Similar to their grantees, grantmakers can also feel constrained by their organizational mission, resources, reach in the community, and skills. Our multifunder collaborative helped us overcome hurdles and develop new possibilities for our grant making in the following ways:
Development of a cross-sector concept: It was clear that we each had experience addressing some, but not all, of the complex elements of this project, be they pediatric care, connections between health care and social service agencies, or strengthening community organizations. Braiding these individual strands together enabled us to develop a far more nuanced and multidimensional grant initiative.
Resources: We collectively felt the need for external evaluation support. Altman and the NYCT provided grants to UHF to support bringing in evaluation consultants, in addition to providing funding for both the learning collaborative and the community partnerships. UHF took on responsibility for designing and managing both the learning collaborative and the project-wide evaluation components.
Reach: Bringing interventions to scale is always a challenge. Acting individually, each grantmaker would only be able to support three or four partnerships; collectively, we can support eleven health systems and sixteen community organizations in four boroughs. We estimate that the primary care sites involved in this initiative care for 26,000 children under the age of five annually—that is, 5 percent of New York City's population that is under age five.
Expertise: Each foundation has a long history of working with health care and community service providers. Shared insights proved critical to informed decision making on selecting grantees and estimating learning collaborative needs.
The logistics of providing both direct grants to participants and grants to support grantees through the learning collaborative and an evaluation were challenging as well. Three elements proved critical to success:
A common target: Early on, we aligned around a broad shared vision—that all 560,000 children in New York City under age five should receive services that address their health and social needs.
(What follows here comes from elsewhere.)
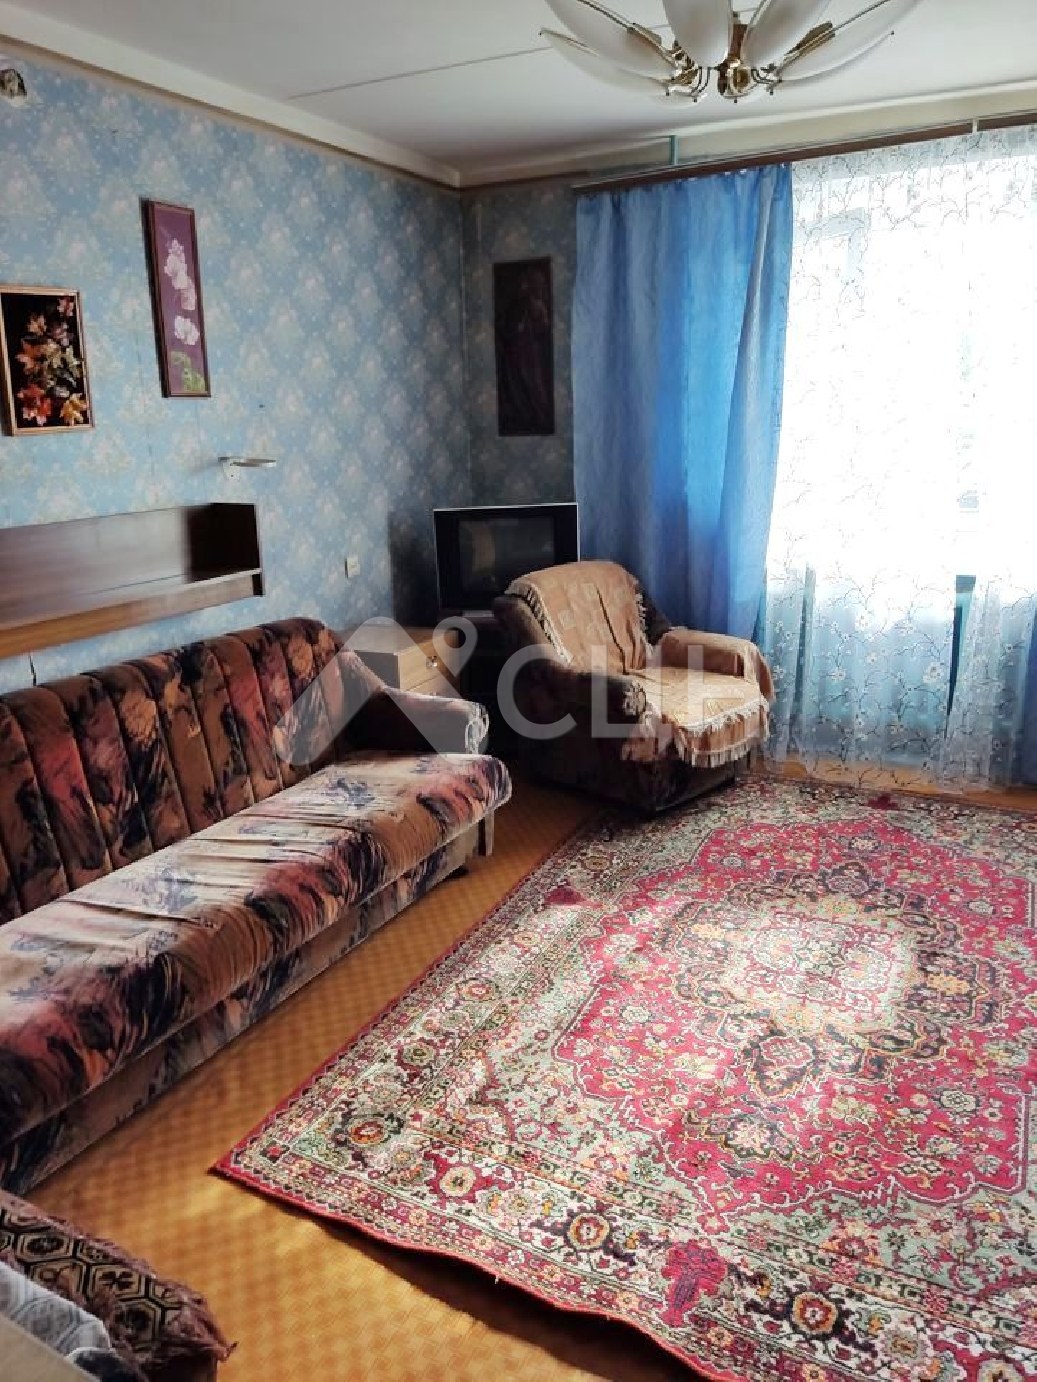 продажа квартир саров
: Г. Саров, улица Некрасова, 11, 3-комн квартира, этаж 2 из 9, продажа.

Flexible funding structure: Collaboration required much flexibility in how we stitched together our funding streams. Each grantee submitted one budget request for its entire project; we used this budget to decide among ourselves how to pool our resources. The NYCT provided direct grants partially funding six of the eleven grantees, while Altman contributed to the support of all eleven grantees through a single grant to UHF, which then contributed its own funding to provide the remaining budget support for all grantees.
Balancing partnership with an organizational lead: To ensure a genuine partnership, we are determined to communicate clearly and routinely, provide timely feedback, and welcome debate. At the same time, UHF is taking the lead on program development and on ensuring that the work stays on schedule and that decision making is expedited. Striking the right balance is helped by a history of strong institutional and personal relationships among UHF, Altman, and the NYCT.
As grantmakers tackle the complex roots of poor health, solutions will increasingly require multiorganizational responses. We hope Partnerships for Early Childhood Development will bring new energy and focus to supporting clinical–community partnerships, as well as unleash new ideas for other funder collaborations.